Following the recent introduction of low-cost, streetbike-powered (and therefore uncompetitive) CRT bikes, a new type of machine is now available to privateer teams. These bikes come from Honda and Yamaha, whom rights-holder Dorna had threatened with new technical restrictions if they didn’t get into the spirit of MotoGP’s egalitarian new direction.

Dorna told the factories they must offer for sale two bikes (for one rider) at a target price of €1 million. Honda has built a lower-cost version of its RC213V – with steel valve springs instead of the factory bike’s pneumatic springs – while Yamaha is leasing 2013 YZR-M1 engines.

The manufacturers didn’t want to comply but, if they hadn’t, Dorna planned to introduce an rpm limit and control software, which the factories would do anything to avoid. Yamaha evaded two of Dorna’s demands – it is leasing engines only and leasing rather than selling because it doesn’t want its MotoGP technology in the public domain.

The Honda is already running, tested by none other than Casey Stoner (above). Honda’s recently retired 2011 MotoGP champion was impressed – perhaps not surprisingly.

To close the gap down the grid, Dorna has granted benefits to these new privateer machines, to help them challenge the factory bikes.

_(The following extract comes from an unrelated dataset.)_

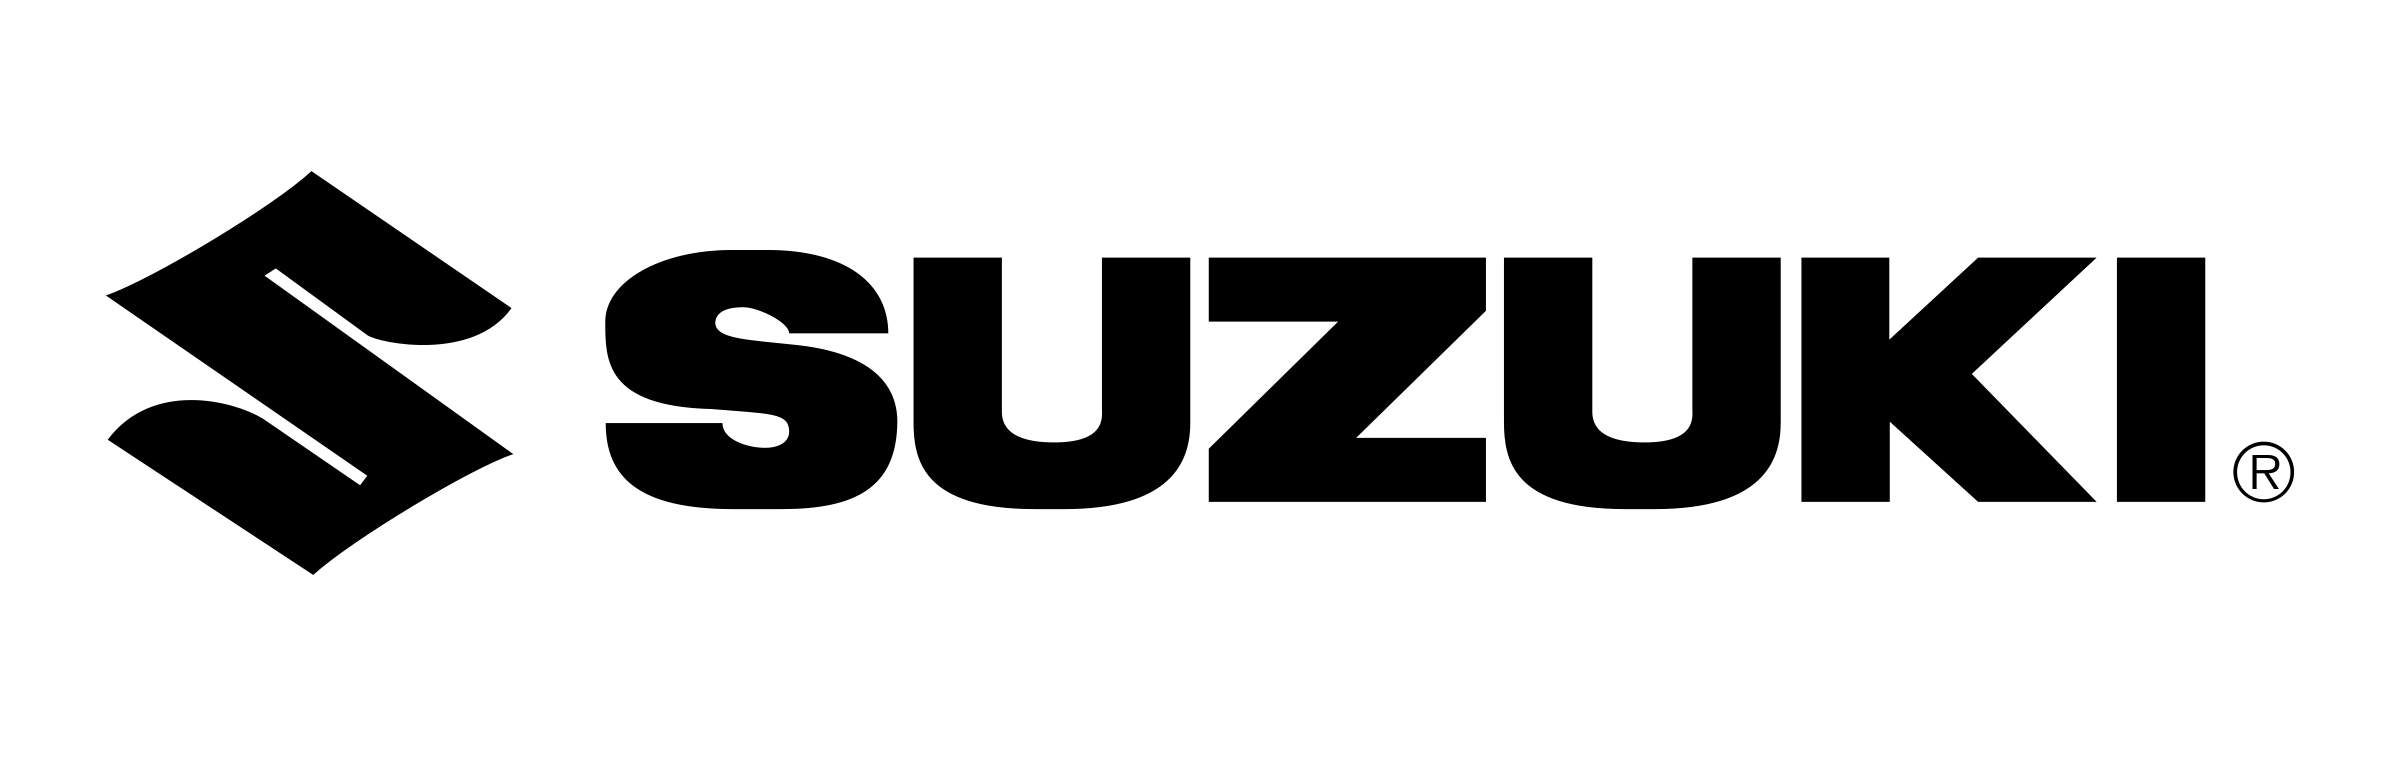 suzuki-2-logo-black-and-white

While privateers must use Dorna’s Magneti Marelli-made spec software, they get to burn 20 per cent more fuel and use more than twice the number of engines in a season.

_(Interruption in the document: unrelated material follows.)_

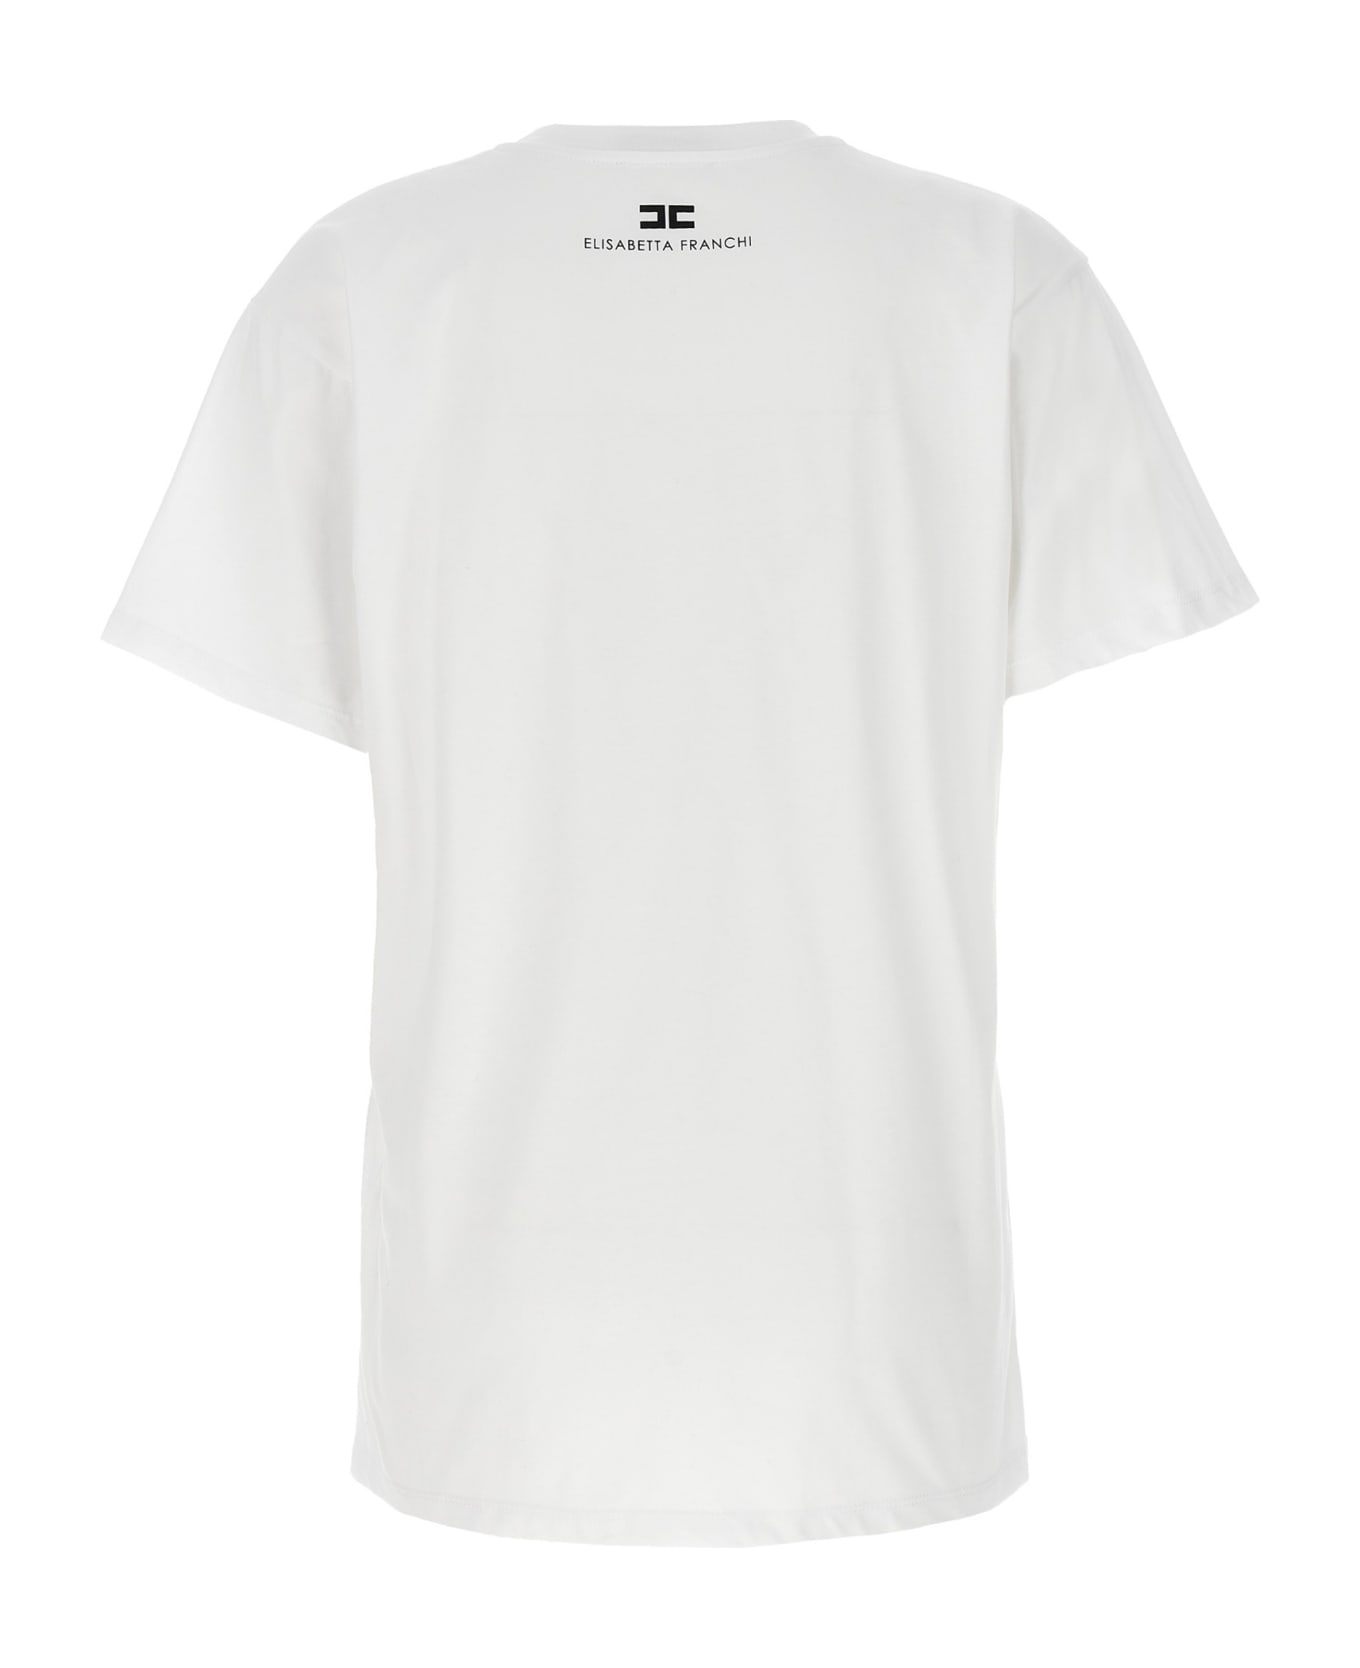 Elisabetta Franchi Printed T-shirt - White Tシャツ

MotoGP veteran Colin Edwards had yet to ride his M1-powered 2014 machine when this was written, but reckons carrying a generous 24 litres of fuel will make him competitive, especially at tracks where some factory bikes run so low on fuel that their management systems have to turn down the power.

“Theoretically, when you put all the numbers together, it looks like there’s a definite possibility that we will be running near the front,” says the Texan. “Any track where you see people run out of fuel on the last lap or the cool-down lap, those are the thirsty tracks, so that’s where we might have an advantage over factory bikes.”

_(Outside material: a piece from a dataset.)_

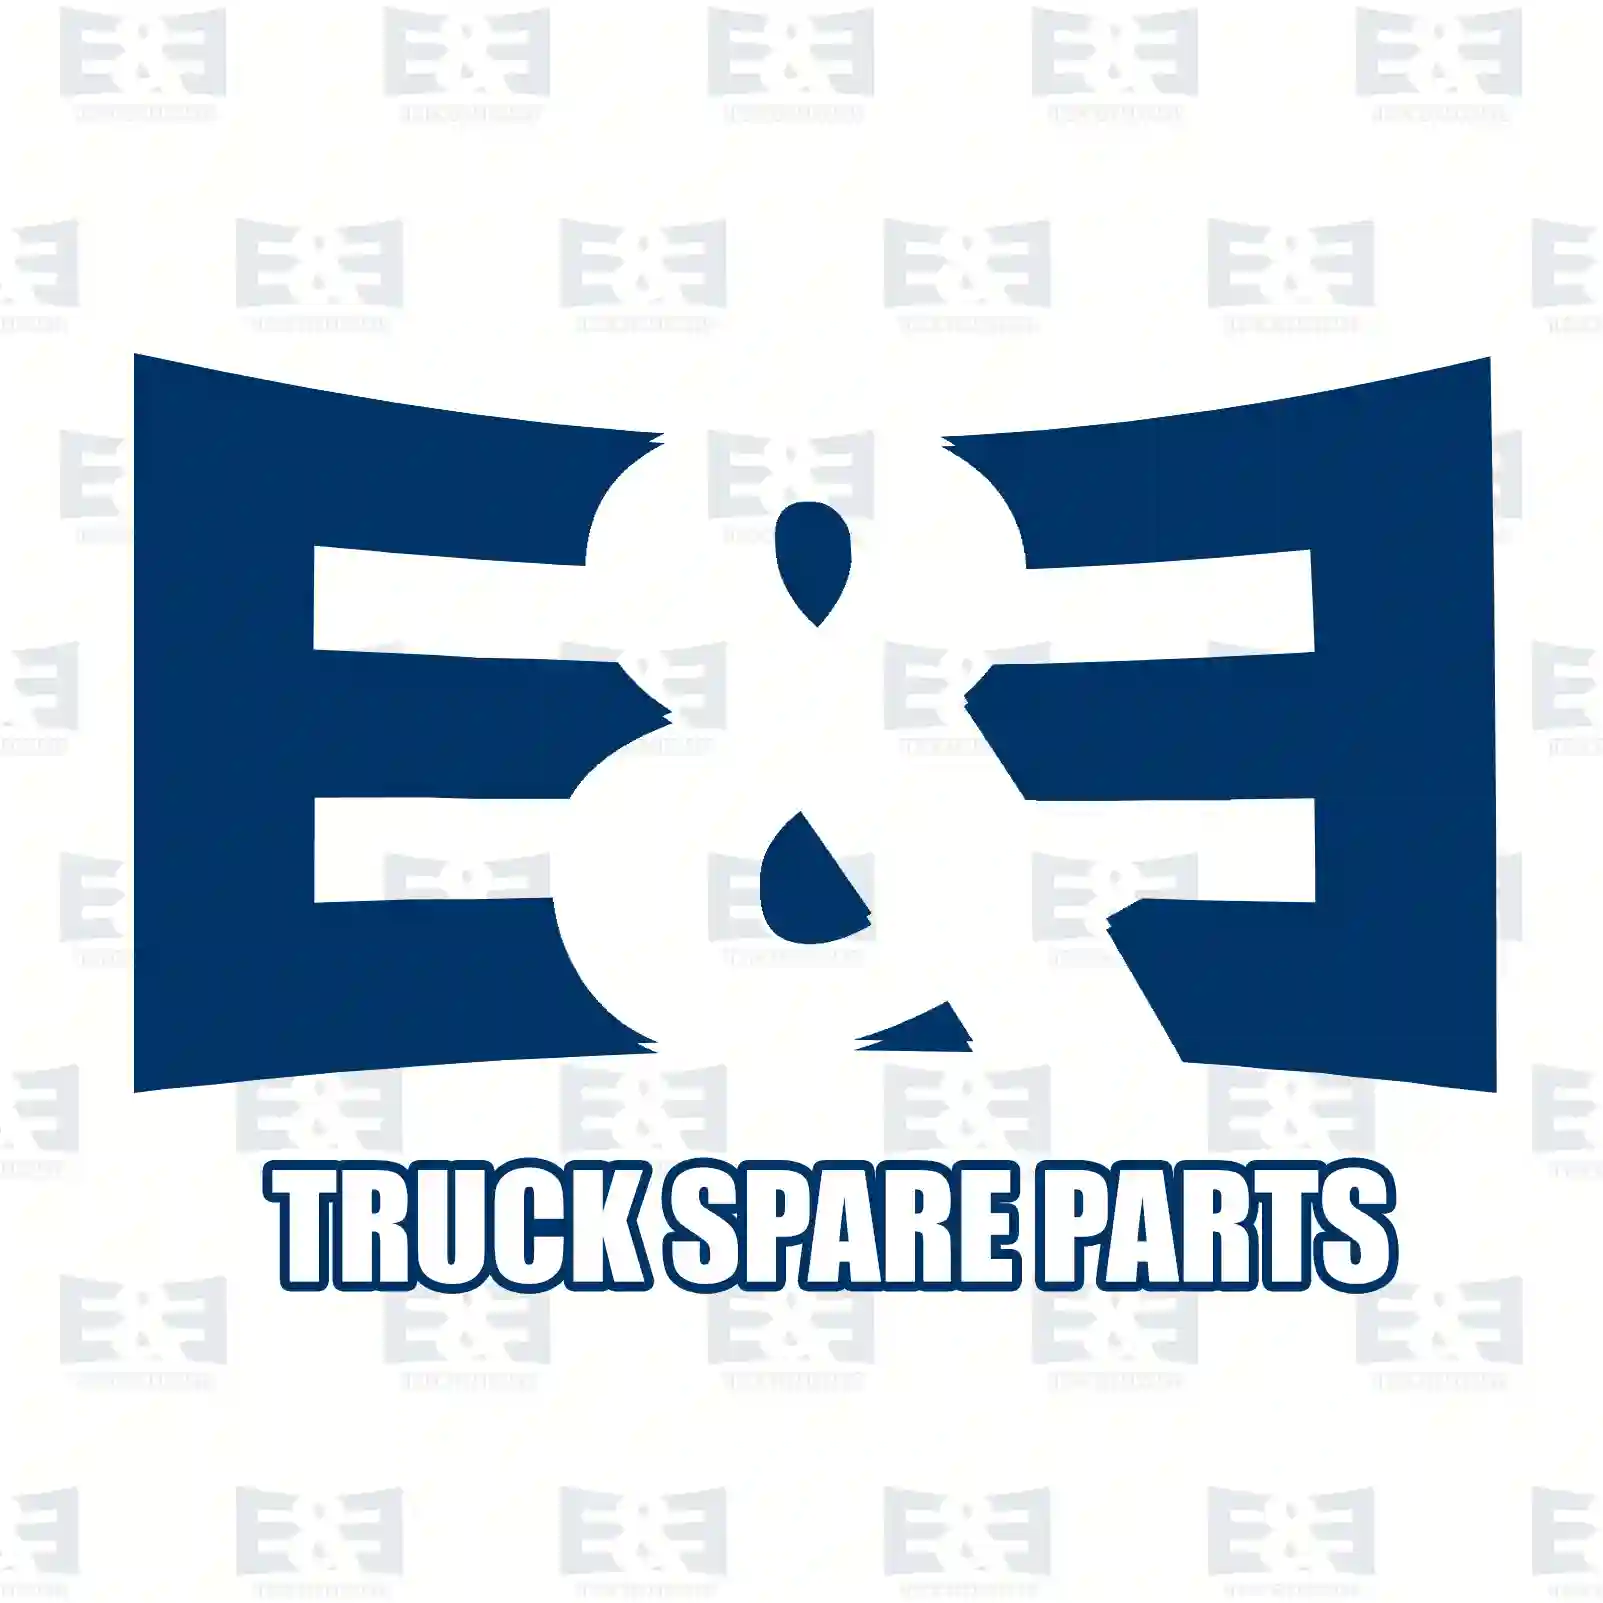 Drum brake lining kit, axle kit, 2E2293461, 1057006000, 1057006100, 1057306000, 1057306100, 3057006000, 3057306000, 3057396000 ||  2E2293461 E&E Truck Spare Parts | Truck Spare Parts, Auotomotive Spare Parts Drum brake lining kit, axle kit, 2E2293461, 1057006000, 1057006100, 1057306000, 1057306100, 3057006000, 3057306000, 3057396000 ||  2E2293461 E&E Truck Spare Parts | Truck Spare Parts, Auotomotive Spare Parts

Stoner – never one to dish out undeserved praise – had a ball on the Honda during testing. “The bike was good to ride and had great grip,” he said. “I enjoyed it because the electronics package wasn’t the same as the factory bike and it allowed me to ride a little more loose. The back end was stepping out into corners and out of corners, which got the blood rushing again and reminded me what I love about racing.”

Now that’s ironic, considering that Stoner walked away from MotoGP partly because he didn’t like the lower-cost/lower-grade machinery coming onto the grid.

So, the million euro question: can these machines actually beat the factories?

“I’m afraid,” says Yamaha’s factory MotoGP project leader Masahiko Nakajima, without sounding like he means it. “On the straights at some circuits maybe they will have more speed because they can run full rich, so their maximum torque will be stronger, while we have to use a leaner setting. But then we will have our own software for driveability and cornering while they will have control software.”

Nakajima is correct when he suggests that the factories have better software, but even more crucial are their riders: Yamaha has Jorge Lorenzo and Valentino Rossi on board, while Honda has Marc Marquez and Dani Pedrosa.

There’s no doubt, however, that this new kind of privateer machinery is a big step in the right direction for MotoGP.